(Beginning of SUPPLIED DATA)

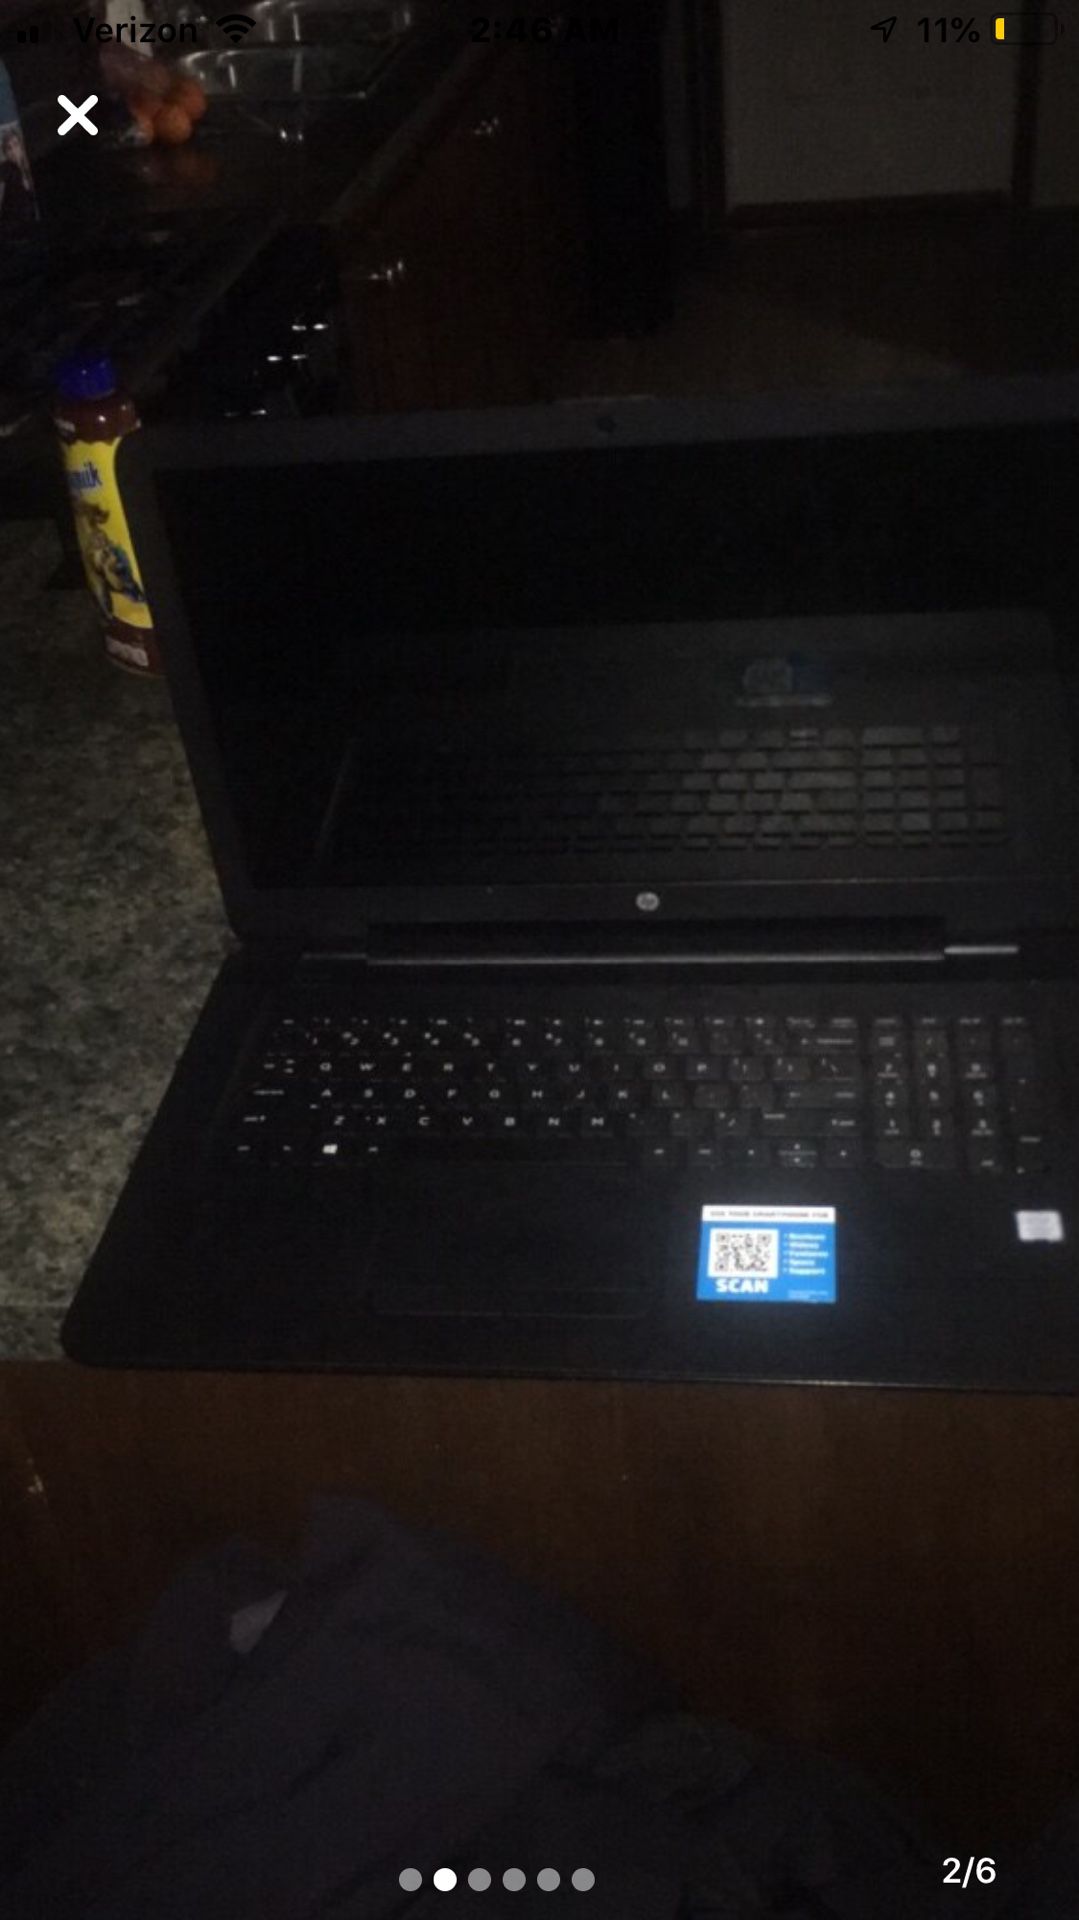 Laptop like new condition $250 with charger. Only used a few times and was updated and screen was replaced a few days ago.
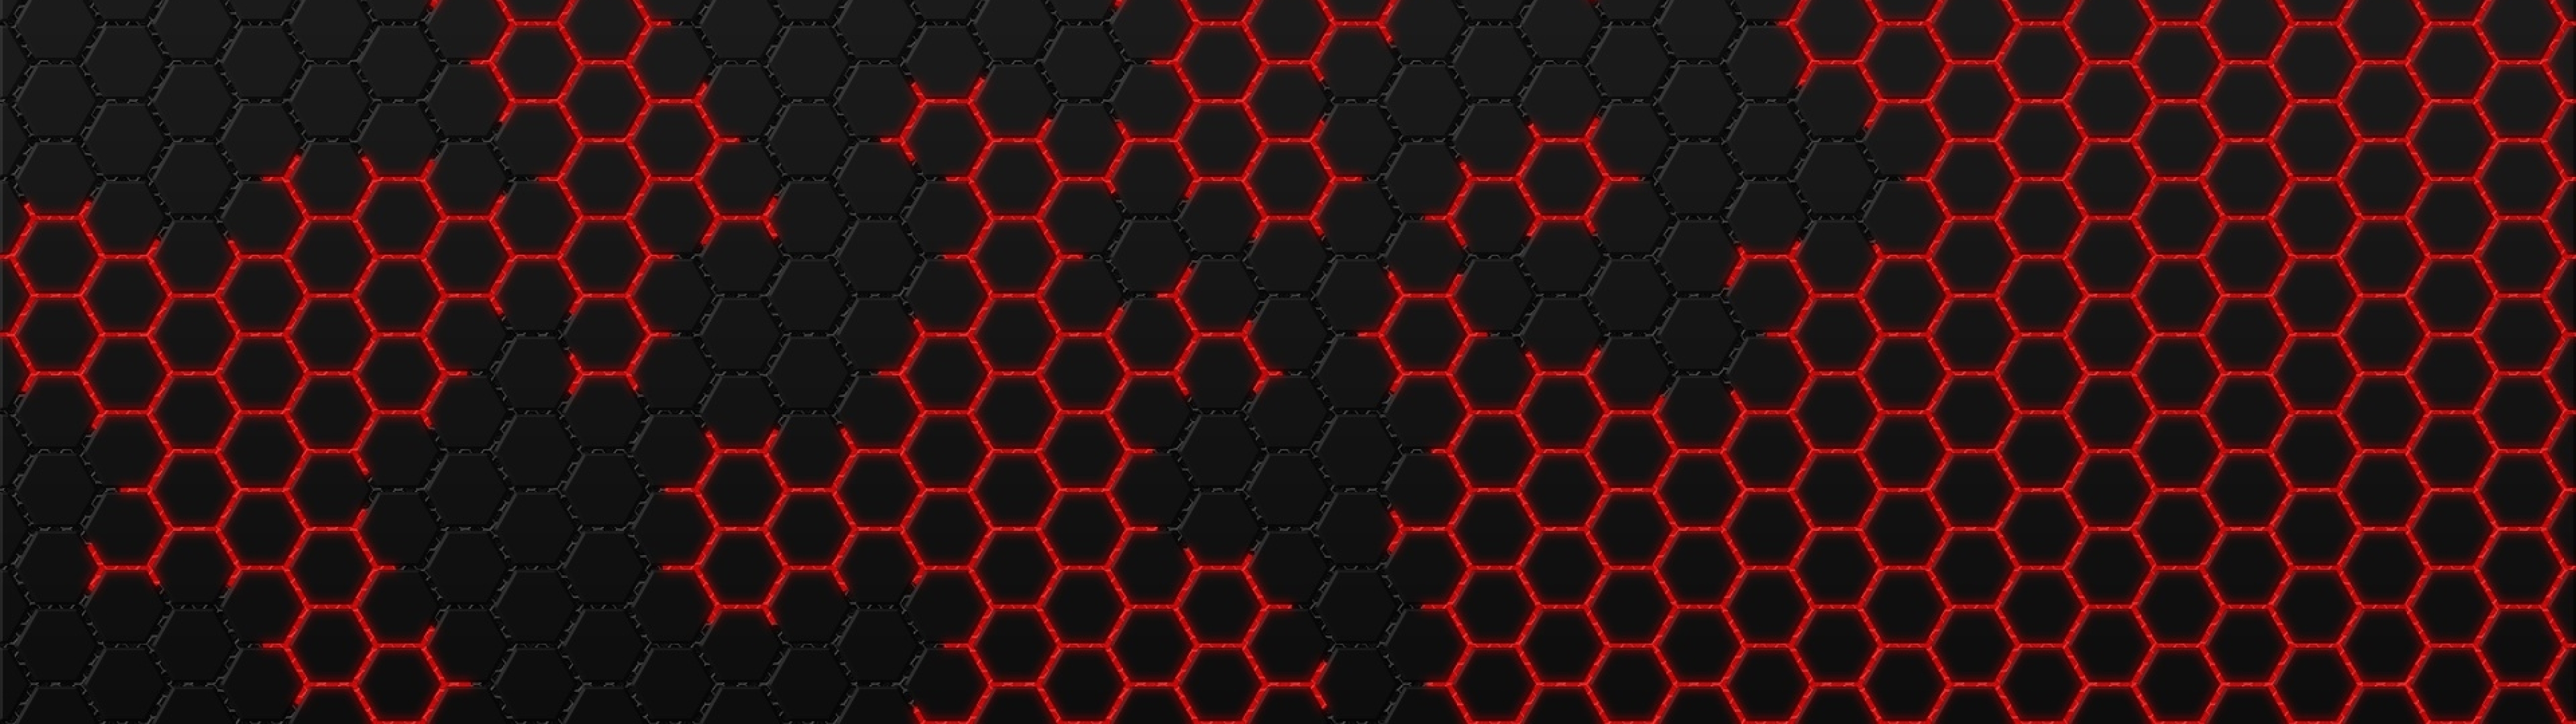 5120x1440 Black and Red Hexagon 5120x1440 Resolution Wallpaper, HD Artist  4K Wallpapers, Images, Photos and Background - Wallpapers Den
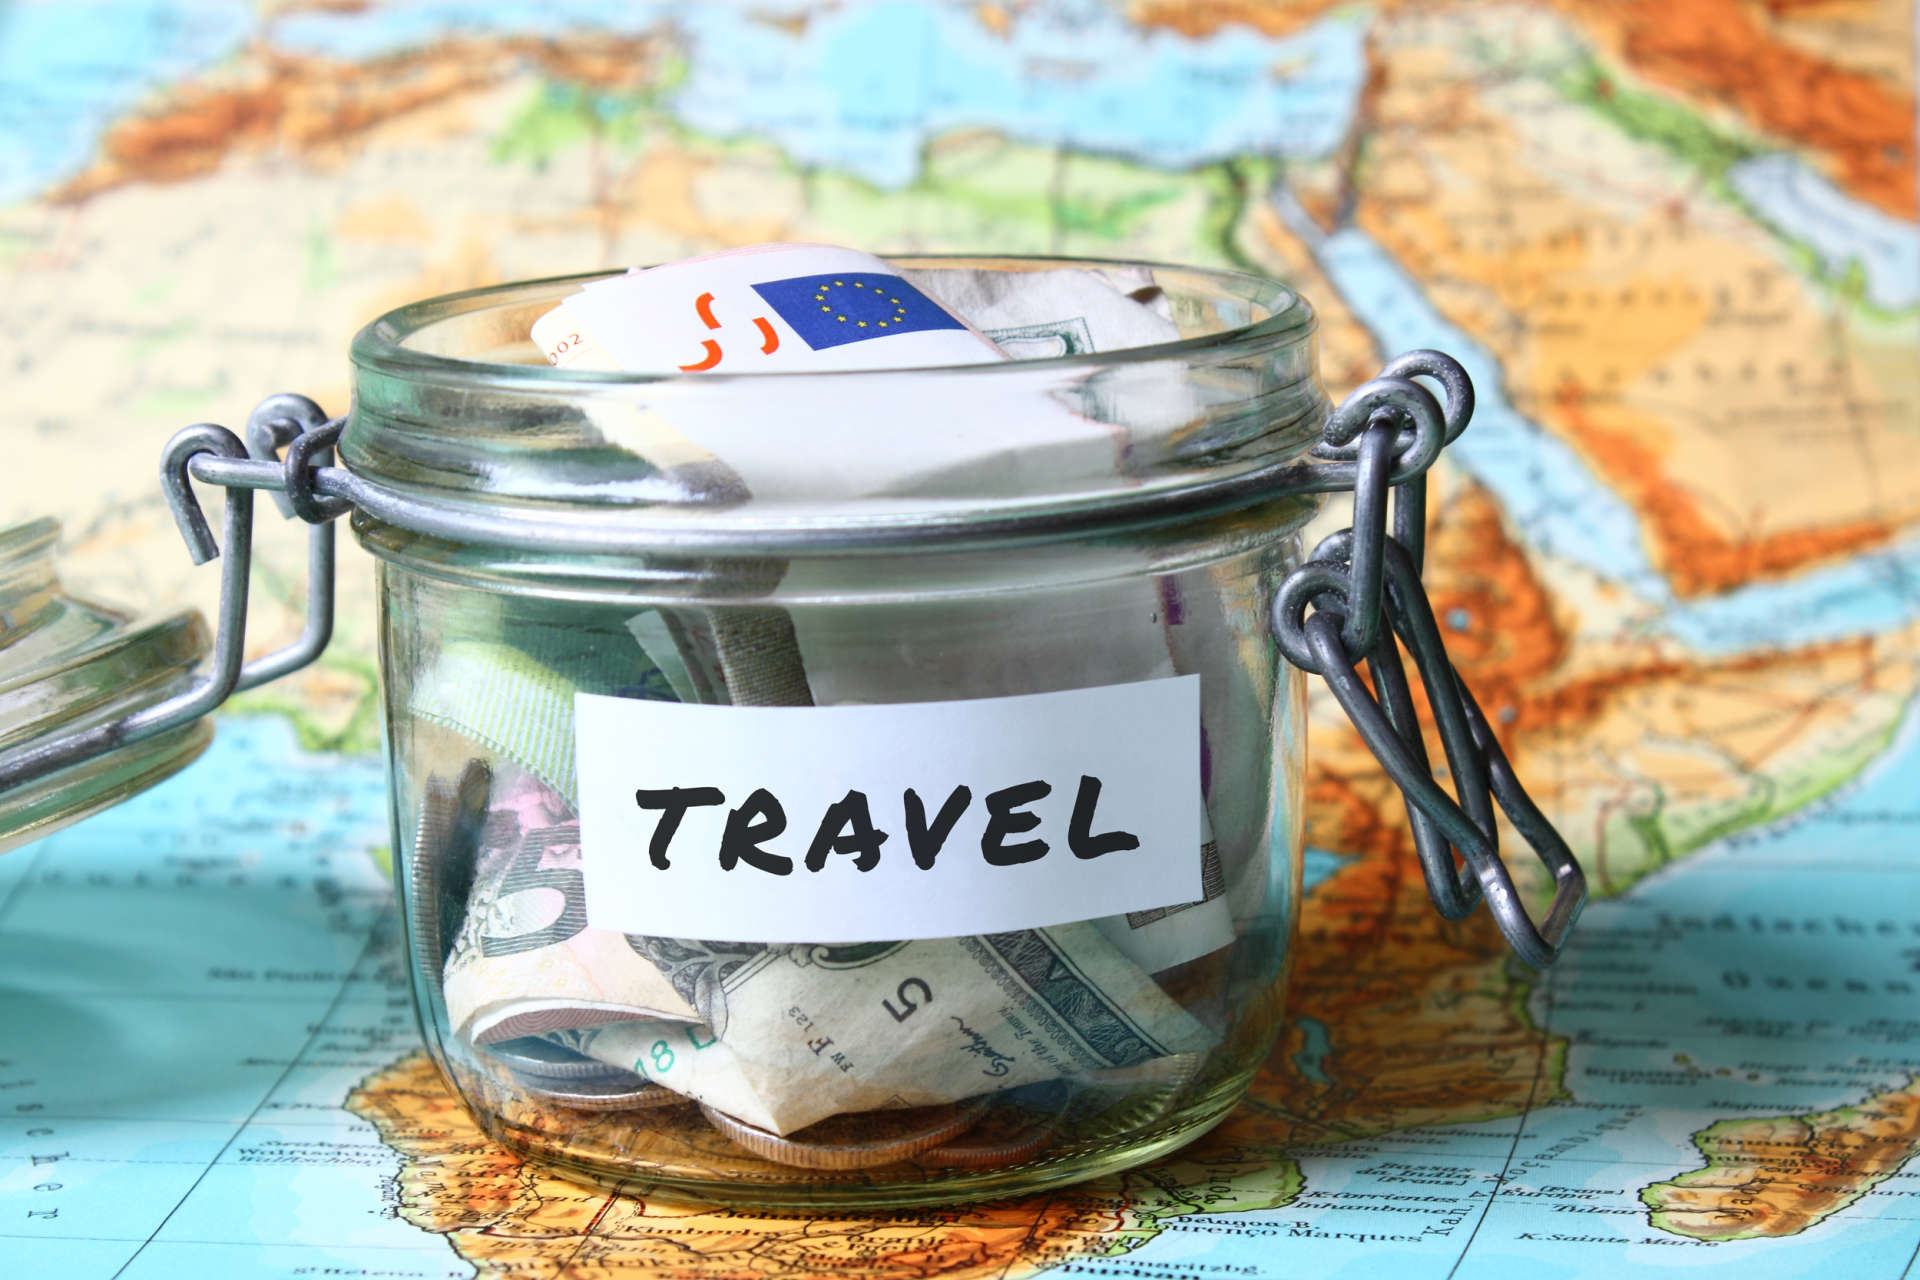 Budgeting for a Destination Working Trip
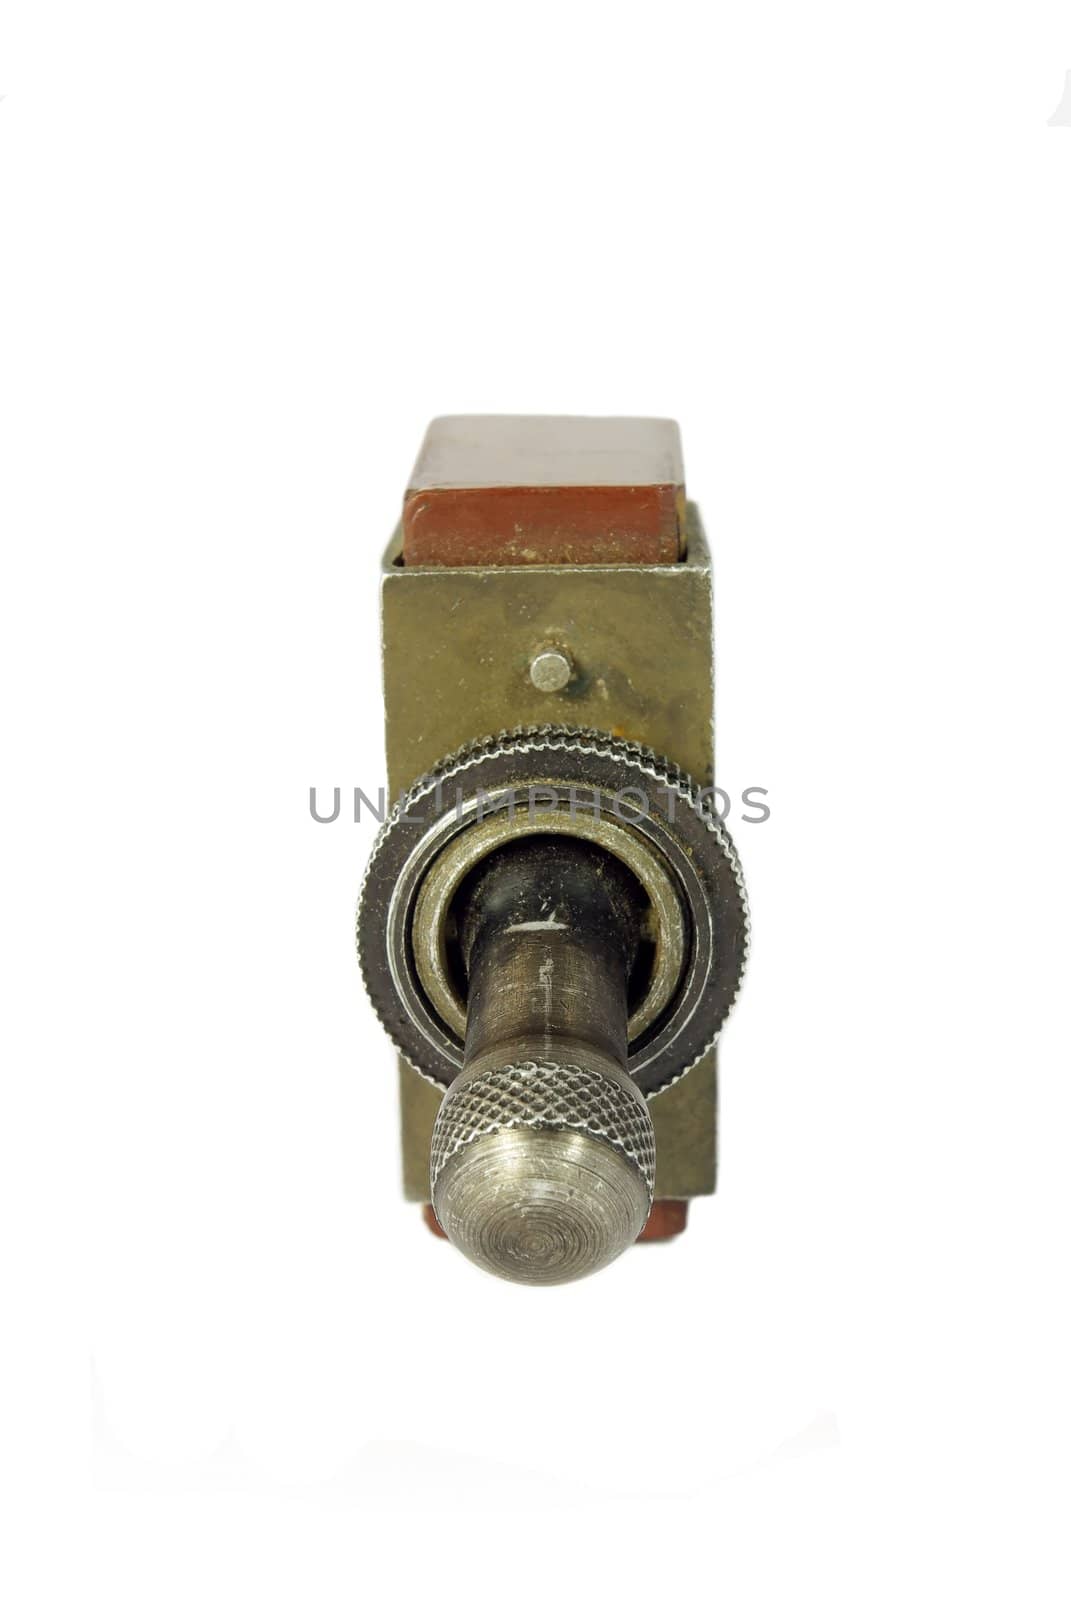 Old sovjet military toggle switch by Vitamin

(End of SUPPLIED DATA)

• WORK INSTRUCTIONS:
Restate the data above word for word. Skip every picture.

• YOUR SOLUTION:
 Laptop like new condition $250 with charger. Only used a few times and was updated and screen was replaced a few days ago.
 5120x1440 Black and Red Hexagon 5120x1440 Resolution Wallpaper, HD Artist  4K Wallpapers, Images, Photos and Background - Wallpapers Den
 Budgeting for a Destination Working Trip
 Old sovjet military toggle switch by Vitamin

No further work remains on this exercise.